As featured in LPEA Insight/ Out magazine #20, December 2021.

The Private Equity industry has seen tremendous success over the last decades. One reason for its success derives from the alignment of interests between the general partner and the limited partners. Everybody pulling together can indeed lead to better performance.

Thanks to its capacity to generate superior shareholder value, private equity has since its inception seen a strong influx of capital. Today, private equity has accumulated around two trillion dollars of dry powder and has become a powerful industry that efficiently allocates capital throughout the economy.

When speaking about allocational efficiency, we speak about the very best use of allotting goods, services and capital. However, what is “the very best use” of capital? The COVID-19 pandemic, climate change and societal shifts are forcing everyone to again question that which had become ‘accepted’, and to re-evaluate priorities that were considered fixed. It is becoming increasingly apparent that businesses need to serve multiple stakeholders and may not focus on their shareholders alone. While shareholders own both a share and an interest in the entity, there are other stakeholders that do not own a share but nevertheless have an interest in the performance of a company, being employees, suppliers, customers, the community, financial markets and society as a whole. Fair to say that the private equity industry has long focused on its shareholders but not sufficiently embraced the interests of its manifold stakeholders.

At their best, private equity firms go beyond the mere generation of shareholder value and become agents of social, environmental, cultural and political change.

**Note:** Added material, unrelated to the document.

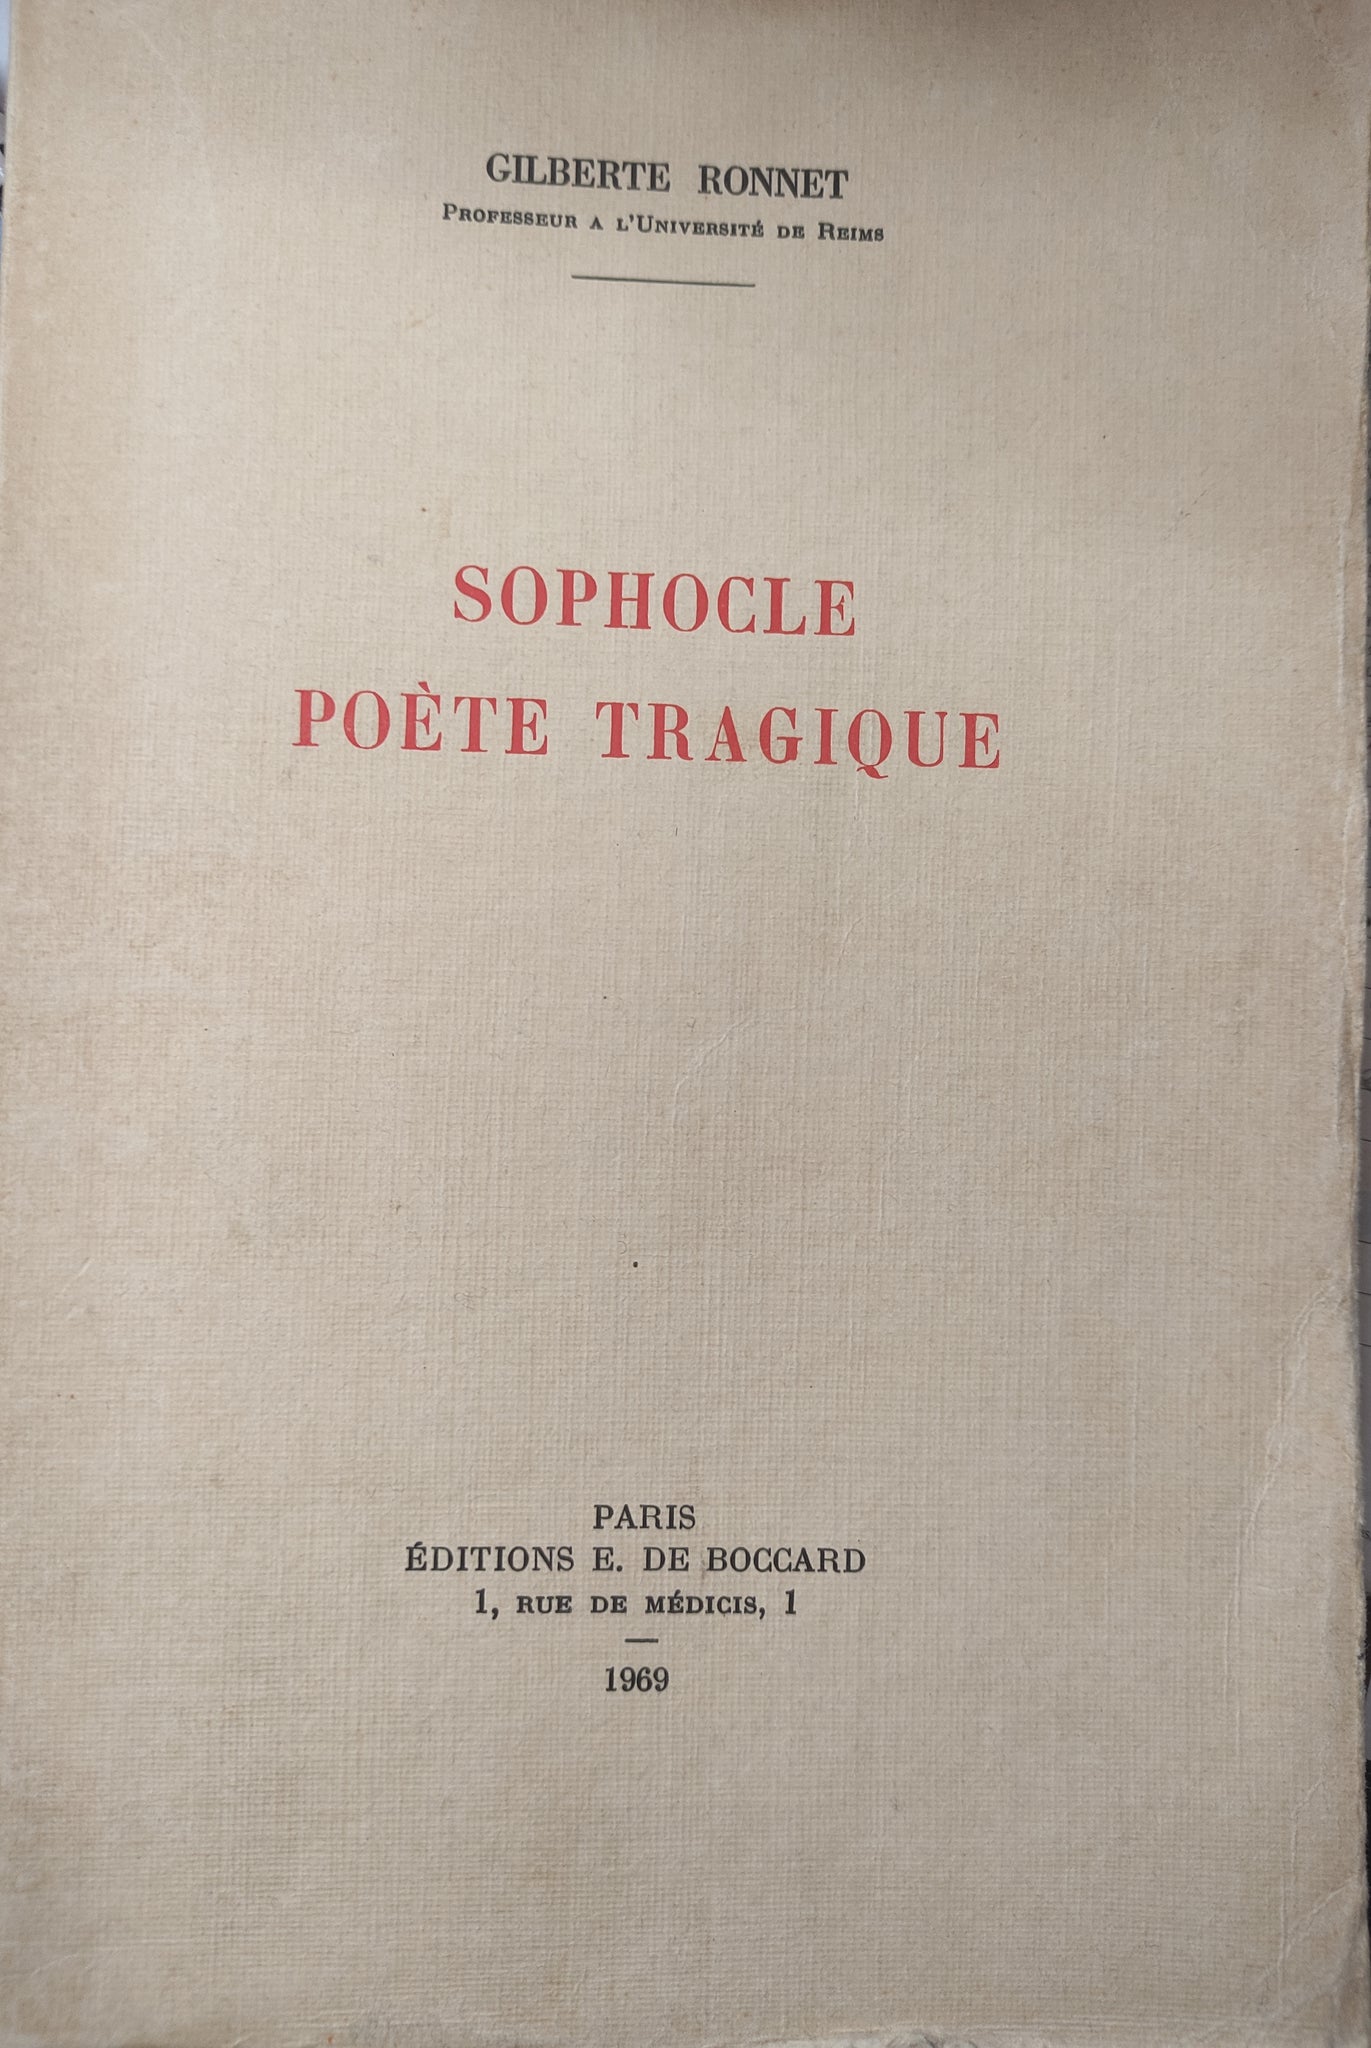 Sophocle: Poète tragique.

The aftermath of the 2008 financial crisis saw one stakeholder appear front of stage: the financial regulators. This regulatory supervision laid the path for a more institutionalised industry. What was formerly a niche market of informal, private partnerships slowly but steadily transformed into a modern asset management industry which now attracts an even broader range of limited partners. Pension funds, family offices, SWFs and alike today invest in private equity, thanks not only to its continually superior rate of returns but also due to its increasingly regulated and standardised set of processes and operations. The current trend of retailisation of private equity funds can as such be considered the next logical step and will further enhance the scope of private equity’s stakeholders. It is worthwhile mentioning that the push for a more encompassing stakeholder perspective has to date been mainly driven by the limited partners.

The employees of private equity’s portfolio companies are another important stakeholder group. Numerous studies prove the positive impact of private equity in the creation of employment, but when it comes to an inclusive engagement with the millions of employees in portfolio companies around the world, private equity can still improve. What is the reason for many employees being fearful of private equity ownership? One reason may be the adverse portrayal in some media highlighting the few negative examples of the industry. Another reason may be the failure of private equity to seriously support the professional, personal and financial growth of portfolio companies’ employees. As Steffen Meister, executive chairman of Partners Group’s board of directors states in a recent interview with New Private Markets: “Portfolio company employees are private equity’s stakeholder blind spot” (article of 19 March 2021)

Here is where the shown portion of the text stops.